In my state (Nebraska) a rifle must deliver 900 ft/lbs @ 100 yards to be legal for deer.

If you are using a 16" barrelled .223, you better load really carefully to beat that 900 ft/lb threshhold ...... and the easiest way to do that is to load light bullets really fast ....but this is counterproductive, as it usually makes for shallow, not immediately fatal wounds, and little or no blood trail.

So is a .223Rem a "High Powered Rifle"?

I think it is an "Intermediate" cartridge, like the x39's ....... I think the 30-30 (150gr @ 2300 ft/sec) is the dividing line......

Arbitrary?
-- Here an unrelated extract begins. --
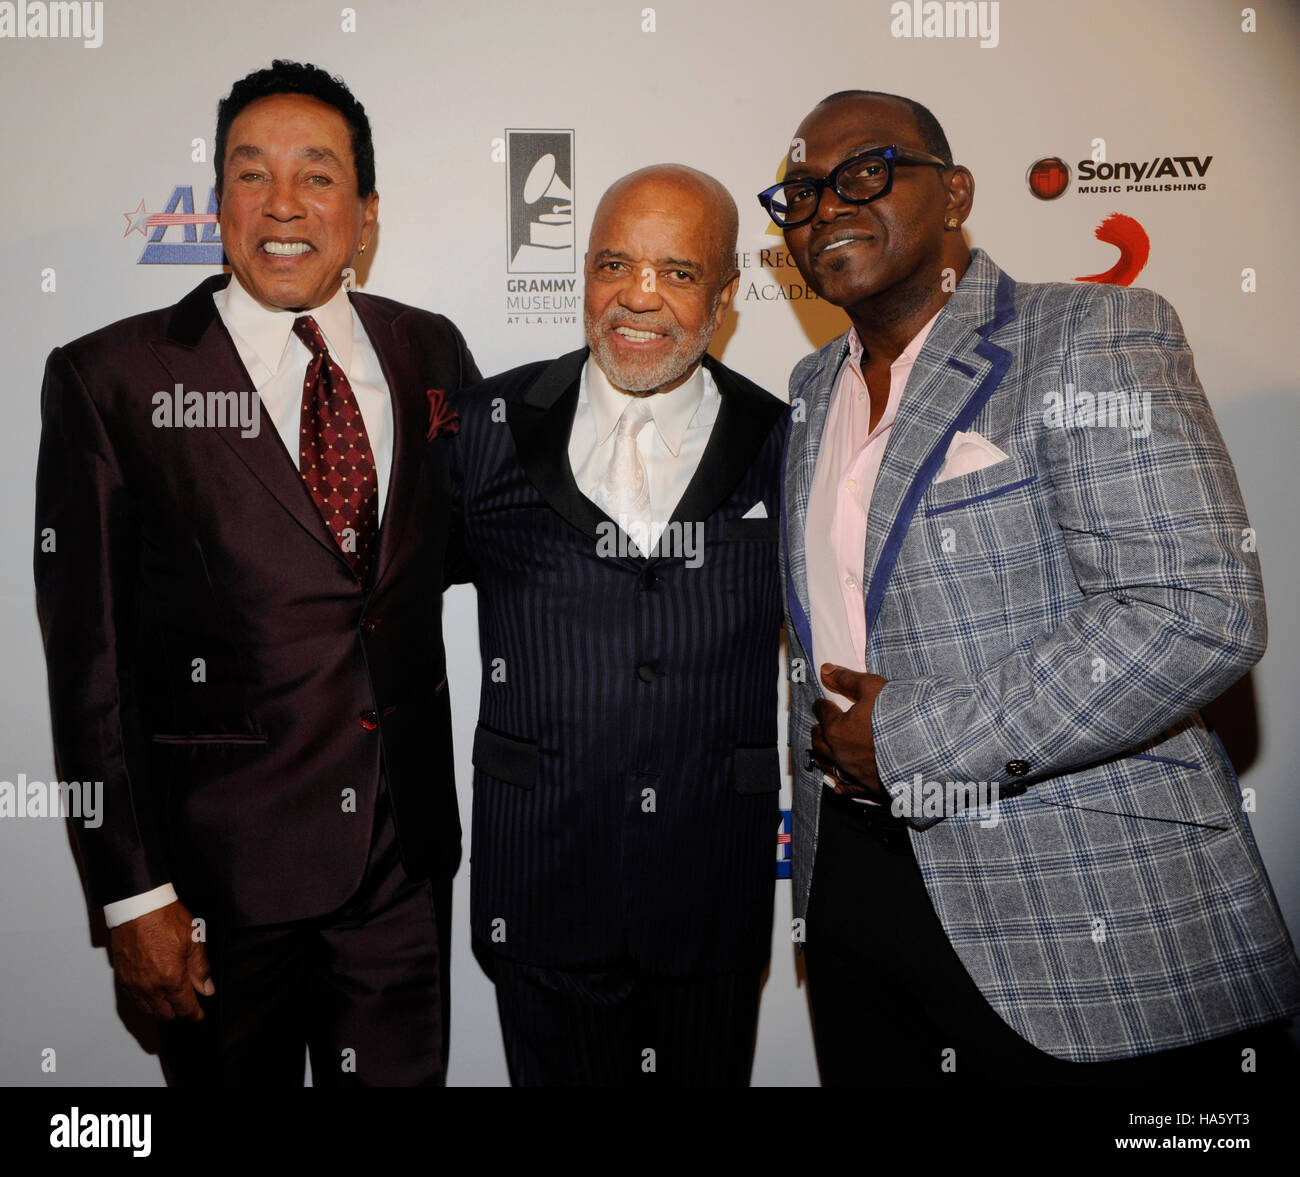 (L-R) GRAMMY winner Smokey Robinson, Motown founder Berry Gordy and Randy Jackson honored at the first-ever Architects of Sound Awards at the GRAMMY Museum on November 11, 2013 in Los Angeles, California. Stock Photo

Mehbee ...... but you can't tell me it's in the same League as the -06.

IIRC, The Good Colonel referred to .30 cal rifles as "Medium Bores" .....
 

Pond James Pond

New member
For me, a high-powered rifle is one that hurts my shoulder. In that respect butt-plate would carry as much influence on "category of rifle" as caliber.

If I had to assign some stringent criteria, I'd say calibres of 6.5mm and above. Many might disagree, but anything that can propel 150-odd grains of lead up to a mile away in less than 5 seconds is high-powered. It is then just a question of how high-powered.

In the media, I am sure that if it is centre-fire, can reach 100m and beyond and also has a scope it is immediately a high-powered rifle.
 

Brian Pfleuger

Moderator Emeritus
jimbob86 said:
Arbitrary? Mehbee ...... but you can't tell me it's in the same League as the -06.

The .30-06 isn't in the same league as the .300 Win Mag either, which isn't in the same league as the .338 Lapua, which isn't in the same league as .700 Nitro, which is really in the same league as the .50BMG, which isn't in the same league as the .950JDJ....

Arbitrary.

Pick a reason. Commonly available? Commonly known? Anything ever made? Kinetic Energy? Taylor KO? Able to penetrate X? Trajectory better than Y?

It's arbitrary.
 

TXAZ

New member
I don't participate but the NRA has a "high power rifle" competition.
Others here could better tell you the mix of rifles typically used.